The Best and Worst MREs
The advent of a wider variety of meal items also offered the opportunity to look back on the best and worst of those menus. What were the crowd favorites, and which were the meals to be avoided at all costs?
The Best MREs
- Chili and Macaroni (Menu 10). It’s not that I have thing for chili mac, it’s that this meal came with two things that were always staples for me: teriyaki beef sticks and cherry Twizzlers. The chili mac was good, but those two items made it a meal worth fighting over.
- Hash Brown Potatoes with Bacon (Menu 20). I could barely stomach the main entrée, but the rest of the meal was enough to survive on: granola with milk and blueberries, apple turnover, and salted peanuts. That’s the breakfast of champions.
- Shredded Beef in Barbecue Sauce (Menu 2). Okay, this will never quite measure up to the standards of good Kansas City barbecue, but after a long day in a combat zone, it’s passable. And you can follow it up with an oatmeal cookie.
- Beef Ravioli (Menu 3). I generally don’t eat ravioli unless I am deployed, but this is actually quite good. It also doesn’t hurt that it comes with a chocolate banana nut muffin, plain M&Ms, and tropical punch. The meal also came with some wicked hot sauce for some reason. Who eats spiced up ravioli?
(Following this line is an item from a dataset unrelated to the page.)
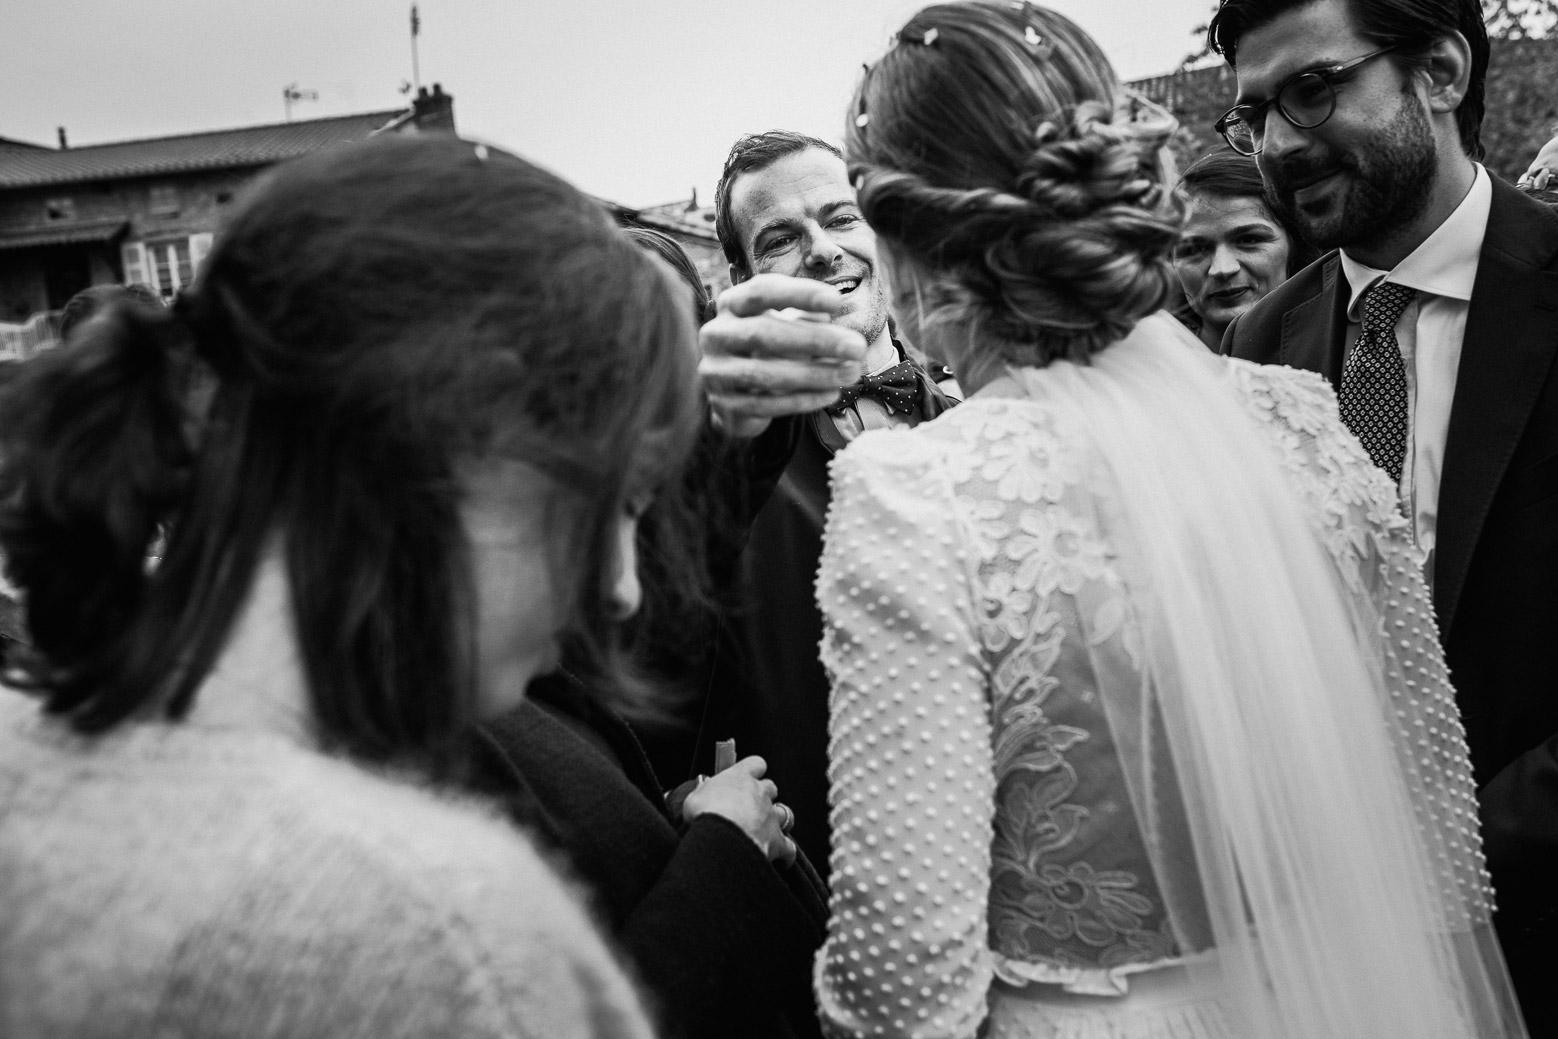 Reportage photo de mariage à Lyon - Manoir de la Garde. Les invités félicitent la mariée
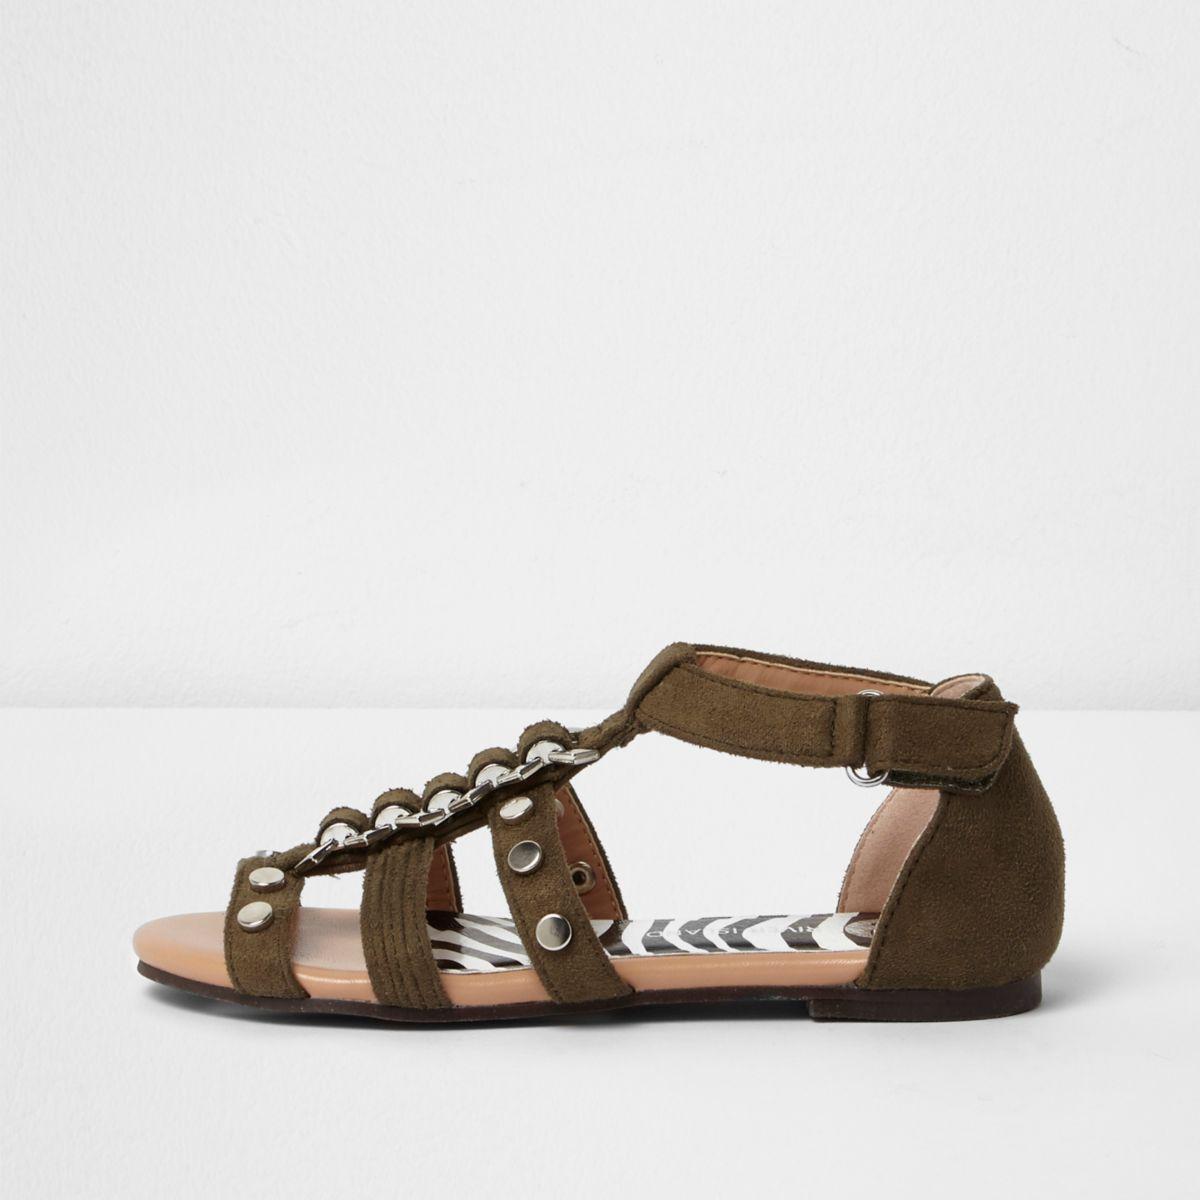 Sandales kaki cloutées effet cage fille

- Meatballs with Marinara Sauce (Menu 8). There was a lot to like in this meal, from the main entrée to the side items. The teriyaki beef sticks alone made this a hot ticket item, but it also came with cherry-blueberry cobbler, a chocolate chip cookie, and Italian bread sticks. That’s fine dining for an evening around the burn pit.
The Worst MREs
- Chicken a la King (Menu 9). In the early days of the MRE, there was no more heinous meal than chicken a la king. The fruitcake was a meal unto itself and you could wash down the cheese and crackers with hot cocoa. Try as I might, I never got to the bottom of a bag of chicken a la king without getting nauseous.
- Dehydrated Beef and Pork Patties (Menu 1). You never wanted to be the last in line to pick up MREs, because this was the meal that was always left behind. For good reason. Assuming you could rehydrate the main entrée, it had the consistency and flavor of an old shoe. You could salvage the applesauce and the cookie, but not much else.
- Cheese and Vegetable Omelet (Menu 4). I remember being excited to try this meal when it first showed up in the field. Once I opened it, the excitement didn’t last. The taste of that entrée remains of the most disgusting culinary experiences of my life. Thankfully, you could salvage a few things from this horror: blackberry jam, the frosted brown sugar Pop-Tart, and a cinnamon scone-like thing.
- Veggie Burger with BBQ (Menu 12). When I was three years old, my mother scolded me for eating dirt. Honestly, dirt tasted better than this. Ideally, you could stuff it between a couple of pieces of bread and douse it in barbecue sauce, but that didn’t make it taste any better. Throwing in a First Strike bar and applesauce seemed like a cruel joke. I would go hungry before eating this again.
- Ham Slice (Menu 8). From the ham itself to the potatoes hog-rotten, this MRE was nasty to the core. The meal included a brownie, but that couldn’t make up for the general terror that came with being stuck with this MRE. To this day, I’m not convinced this was actually ham and not some lab-grown meat substitute from Hell.
Bonus Round
During the march to Baghdad in 2003, my driver brought along a case of Halal MREs, something new at the time that offered some much-needed variety. The meals included a lot of nuts, dried fruit, and granola, things that made the long, slow days of driving pass a little faster. But the days weren’t the only things passing faster. Unlike standard MREs, which are notorious for inducing constipation, the Halal meals have the opposite effect. Which, when you’re on an extended tactical movement through enemy-held territory, can be a bit inconvenient. Let’s just say that it’s a good thing that an empty MRE case can double as a field-expedient toilet.